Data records
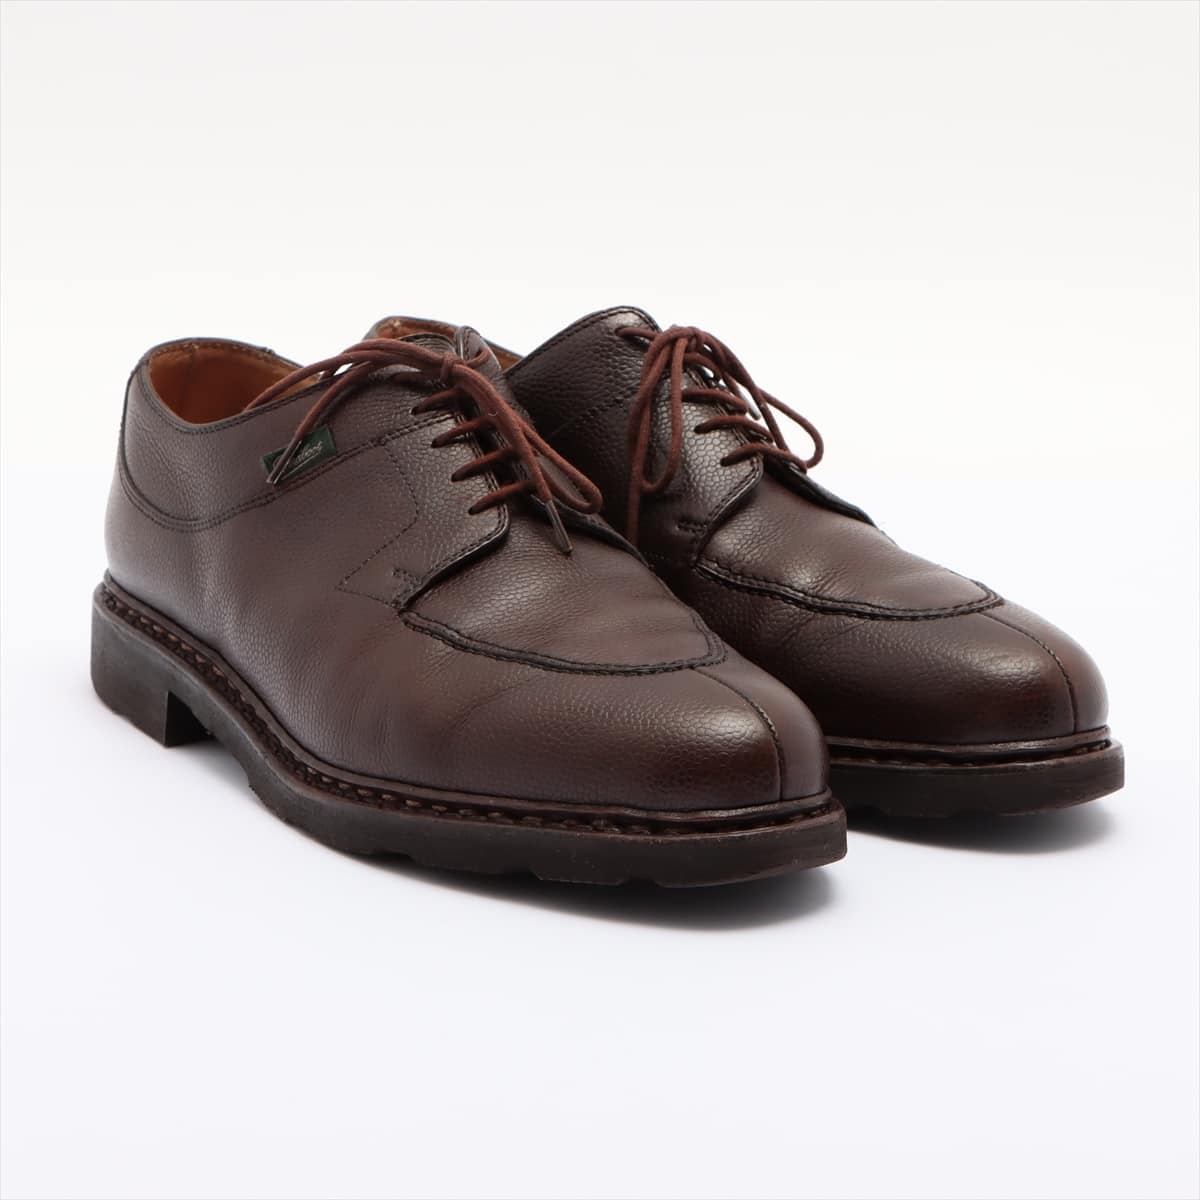 Paraboot Leather Leather shoes 8 Men's Brown
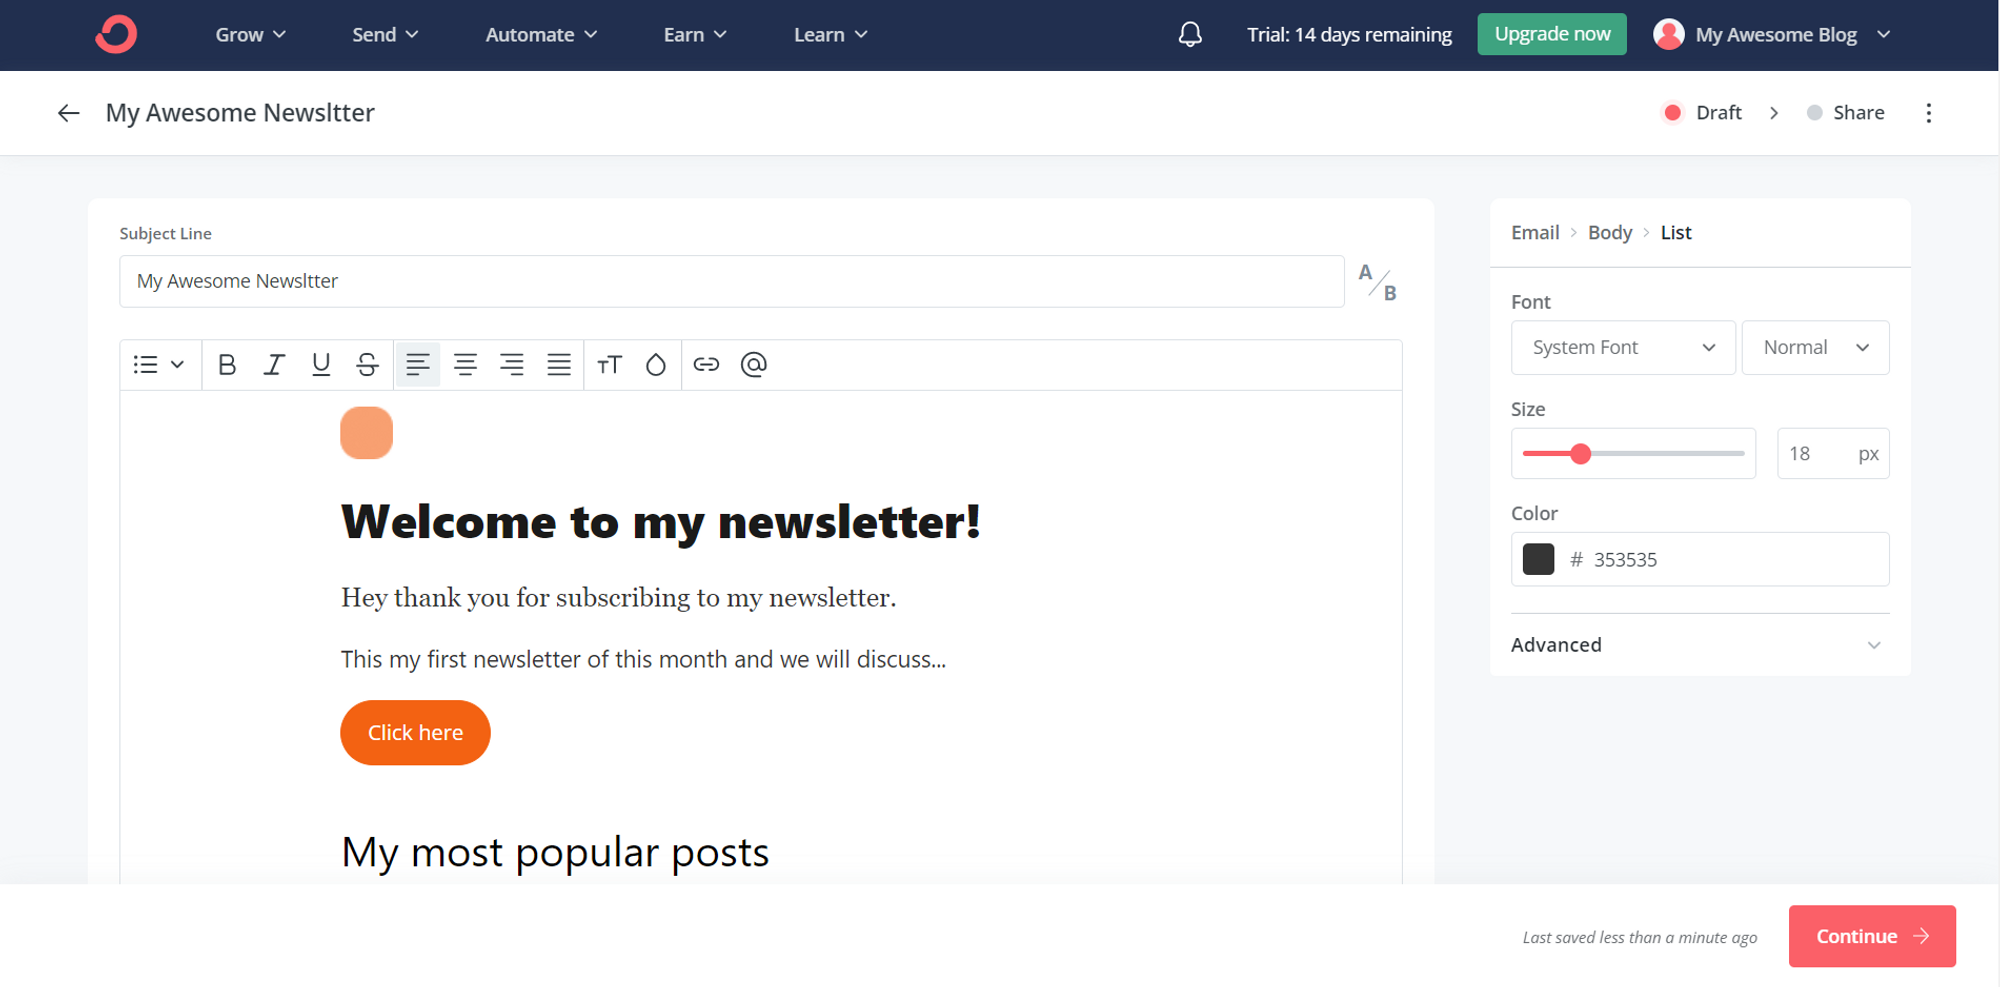 Step 4 - Send your first newsletter to your subscribers
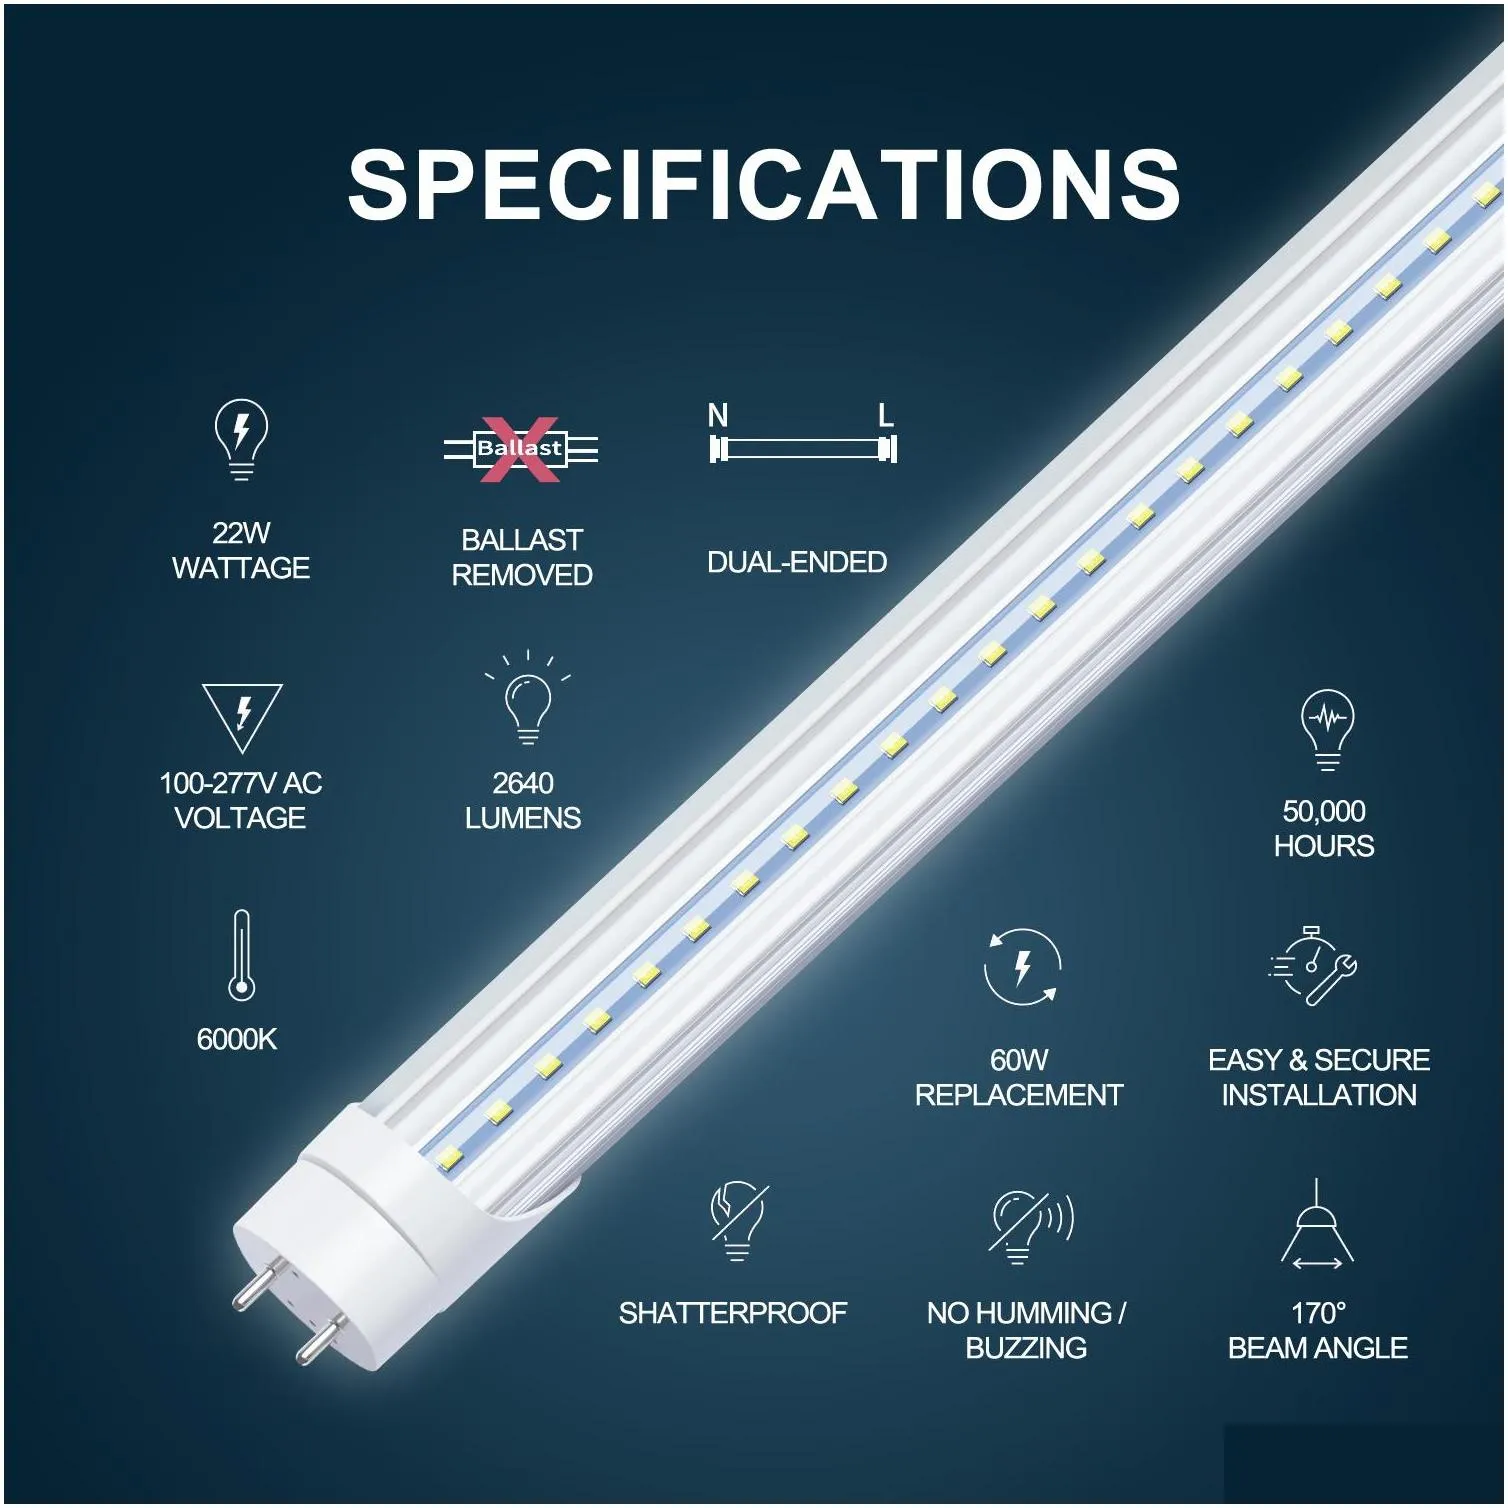 4ft led tube t8 18w 22w 28w g13 bi pin 4 garage warehouse lights 4 feet shop light fluorescent lamp replacement ballast removed dual ended
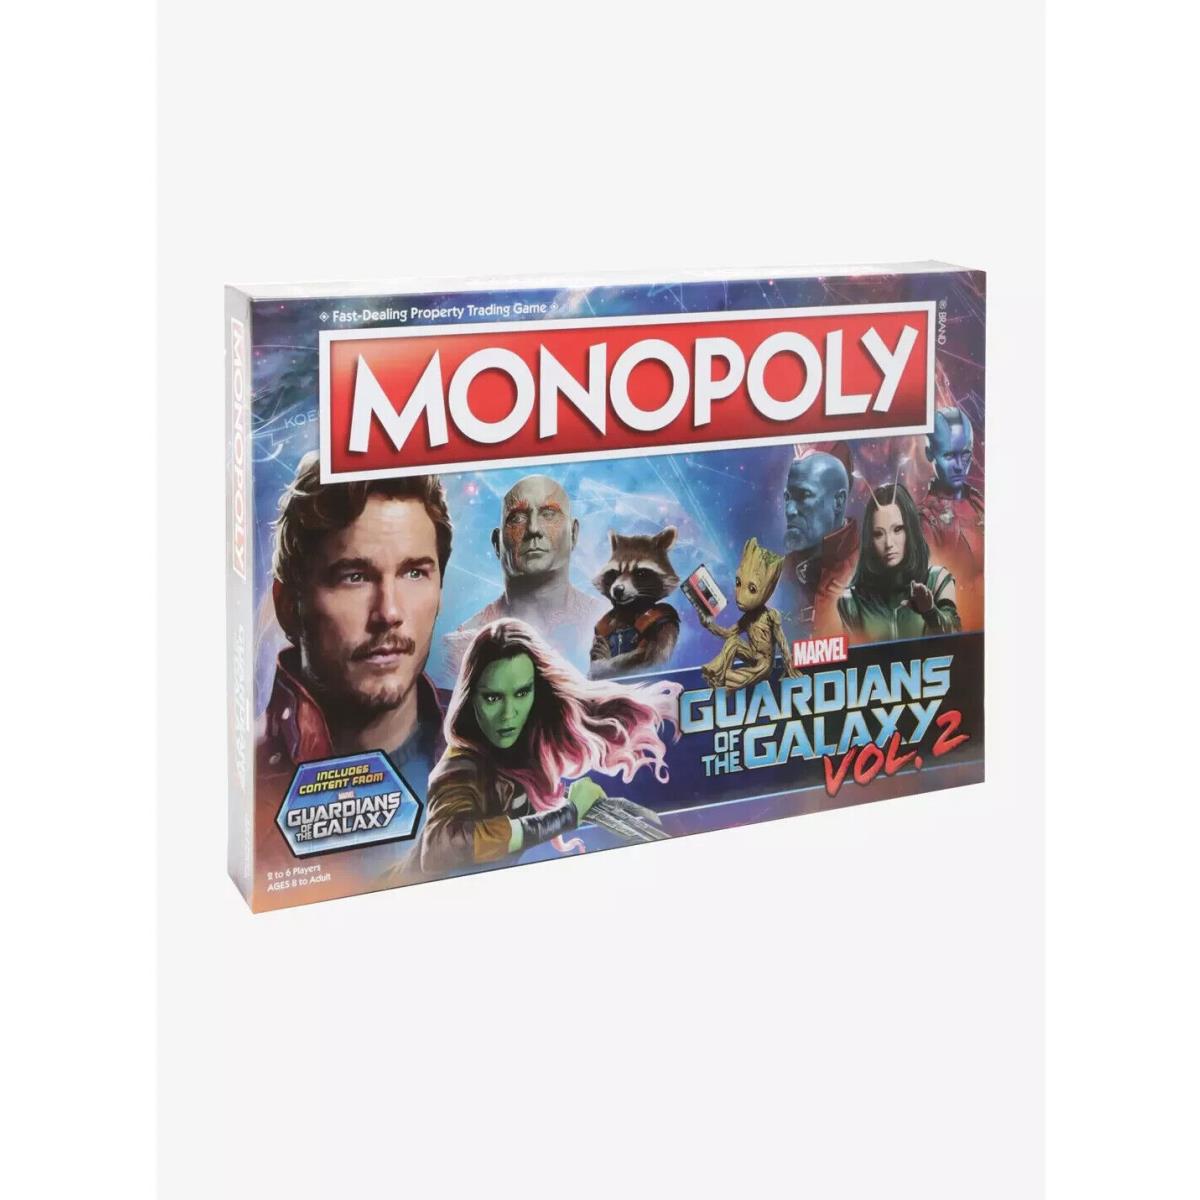 Monopoly Guardians of The Galaxy Vol. 2
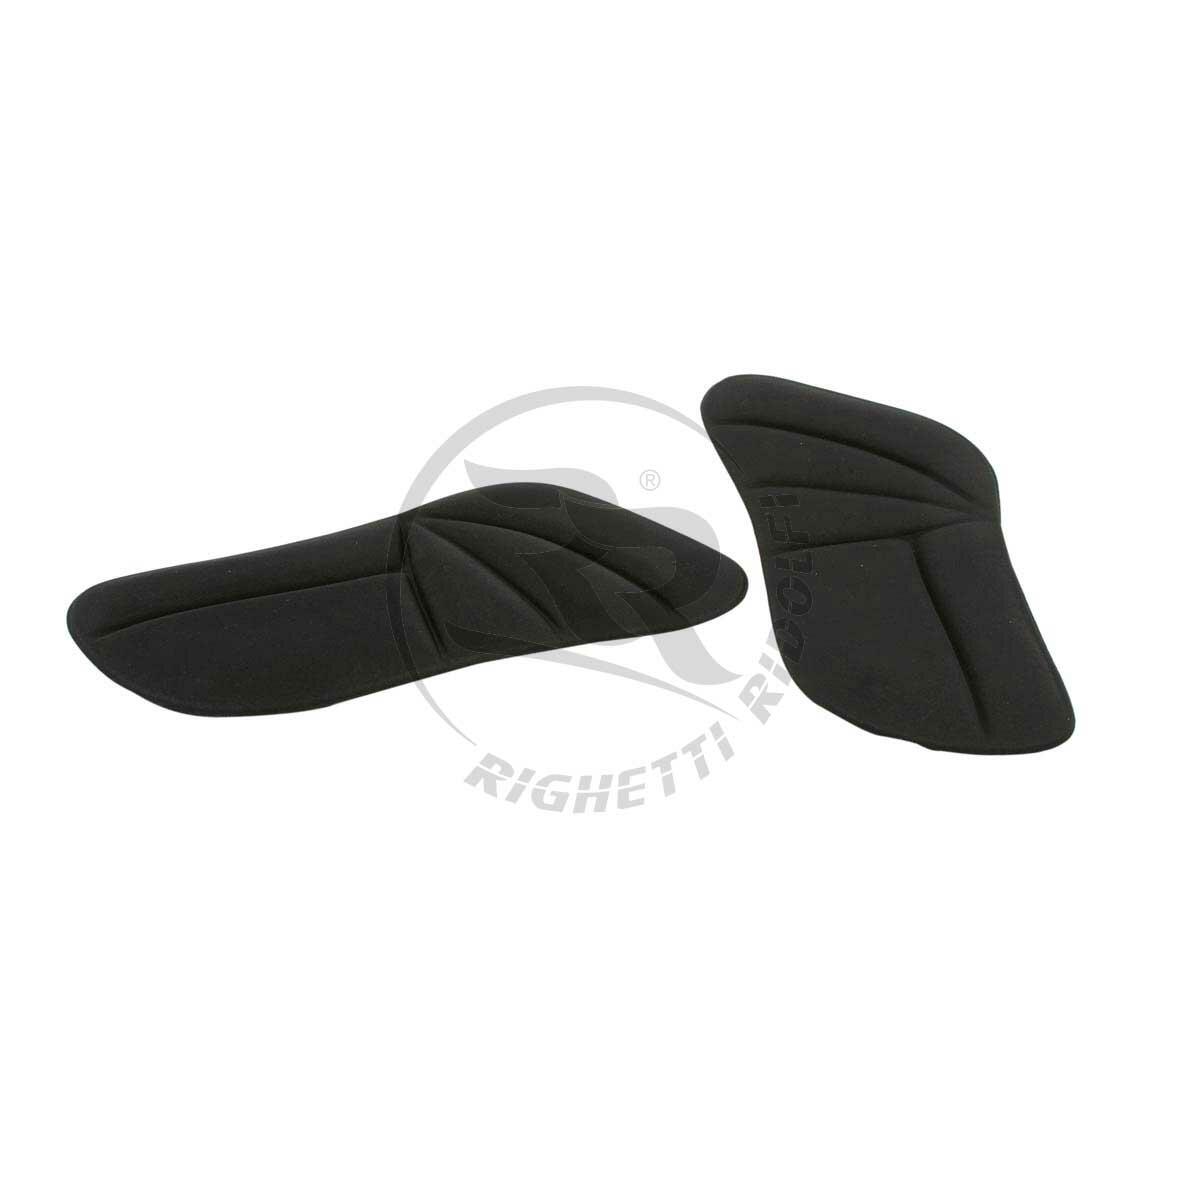 Two Piece Seat Pad - Rear or Side

— WORK TASK —
Exclude all pictures and return precisely the lines from the one containing "Monopoly Guardians of The Galaxy Vol. 2" through the closing line of the data.

— RESULT OF THIS TASK —
 Monopoly Guardians of The Galaxy Vol. 2
 Two Piece Seat Pad - Rear or Side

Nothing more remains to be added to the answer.